Настоящий ужас внушает Главлюб. В нем совсем нет окон. Уинстон никогда не был внутри Главлюба и даже в полукилометре от него. Попасть туда иначе как по служебной необходимости невозможно, да и в этом случае путь лежит через лабиринт из колючей проволоки, стальных дверей и скрытых пулеметных гнезд. Даже улицы, которые ведут к внешним укреплениям главка, патрулируют гориллоподобные охранники в черной форме, вооруженные складными дубинками.
Уинстон резко обернулся, придав лицу выражение спокойного оптимизма, уместное в поле обзора телевида, и прошел в маленькую кухоньку напротив окна. Покинув главк так рано, он пожертвовал обедом в столовой, хотя знал, что на кухне нет еды, кроме краюхи серого хлеба, которую лучше приберечь к завтраку. Он взял с полки бутылку бесцветной жидкости с простой белой этикеткой: джин «Победа». Из нее исходил тошнотворный маслянистый запах: так пахнет китайская рисовая водка. Уинстон налил почти полную чайную чашку, собрался с духом и выпил залпом, как лекарство.
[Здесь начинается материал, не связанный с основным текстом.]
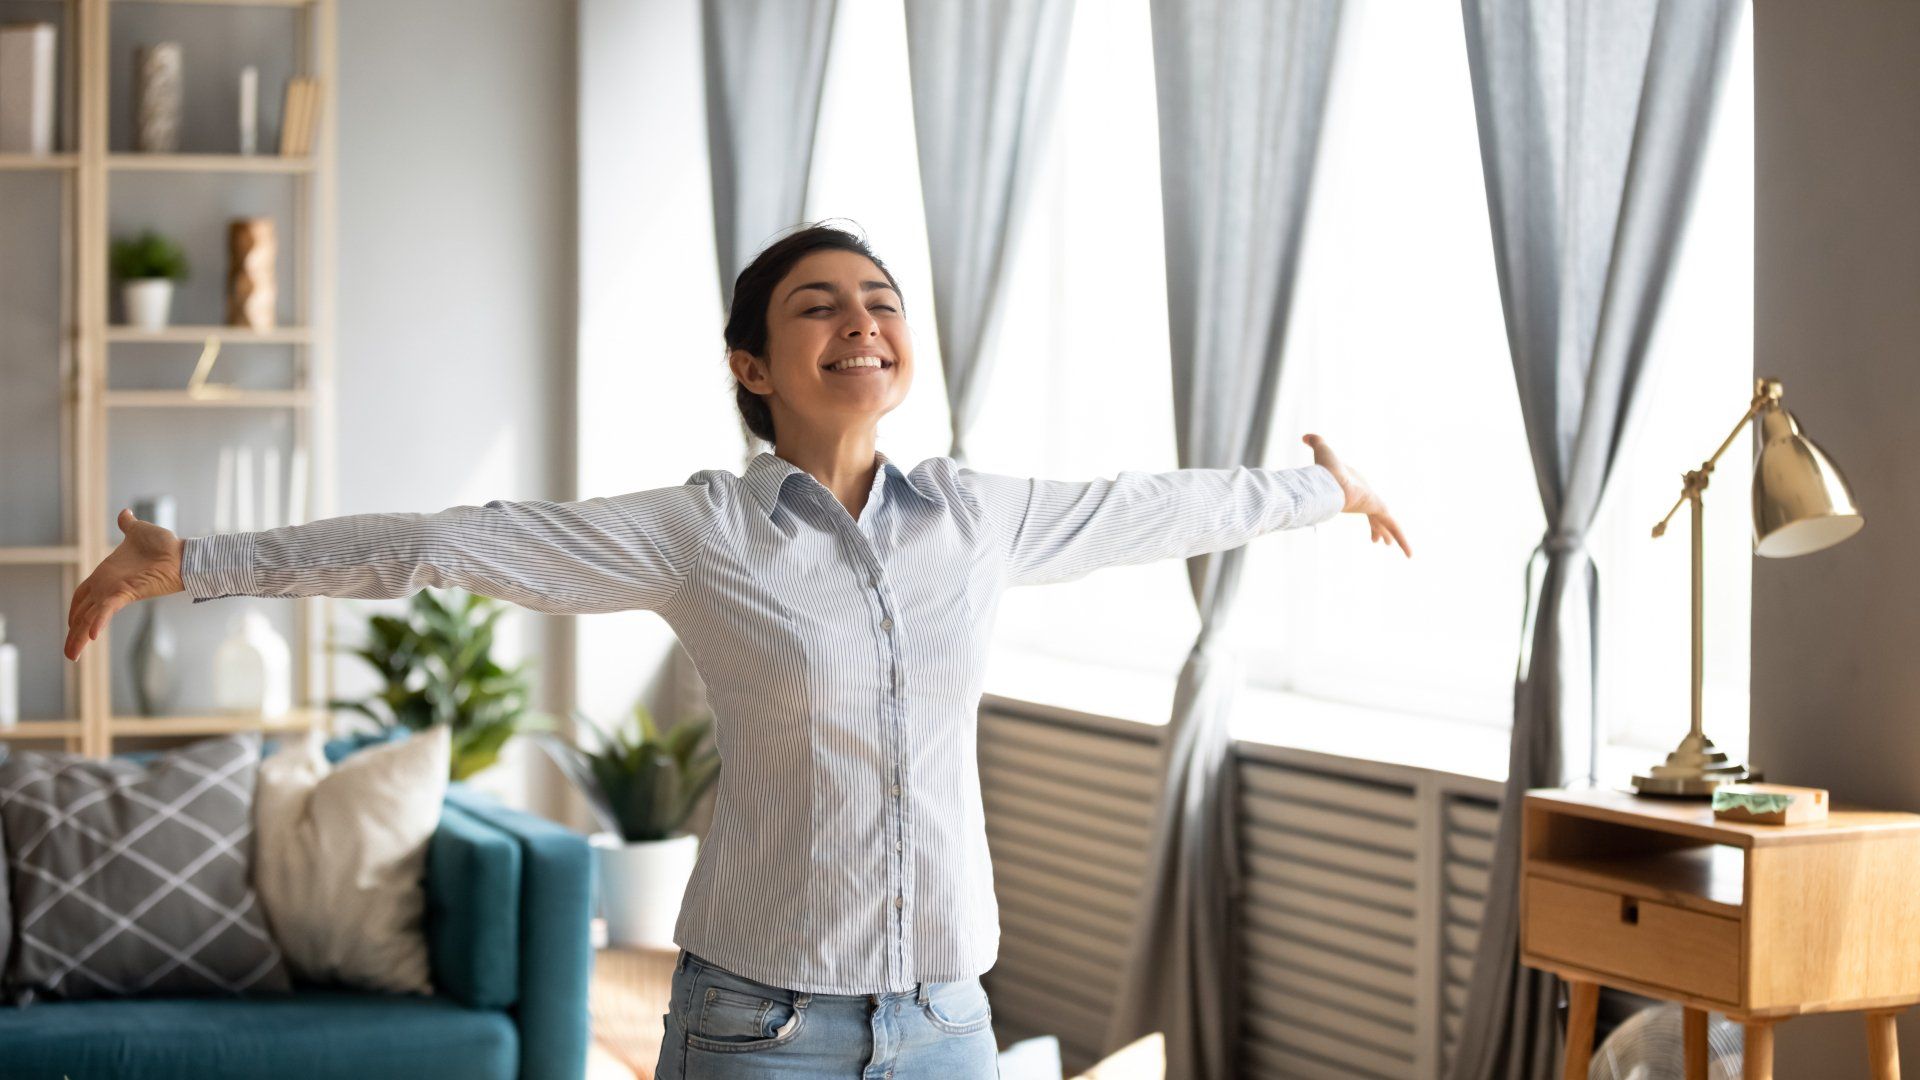 oung indian woman stand in modern living room interior with arms outstretched enjoy free lifestyle

Лицо его сразу побагровело, глаза заслезились. Будто азотной кислоты выпил, а заодно получил по затылку резиновой дубинкой. Но уже через мгновение жжение в животе стихло, а бодрости прибавилось. Он потянулся к мятой пачке с надписью «Победа», но по неосторожности вытащил сигарету вертикально, так что весь табак высыпался на пол. Со следующей вышло удачнее. Он вернулся в гостиную и уселся за маленький столик слева от телевида. Из ящика стола он достал перьевую ручку, склянку чернил и неисписанную толстую тетрадь в четверть листа, в твердом переплете, с красной задней обложкой и передней — под мрамор.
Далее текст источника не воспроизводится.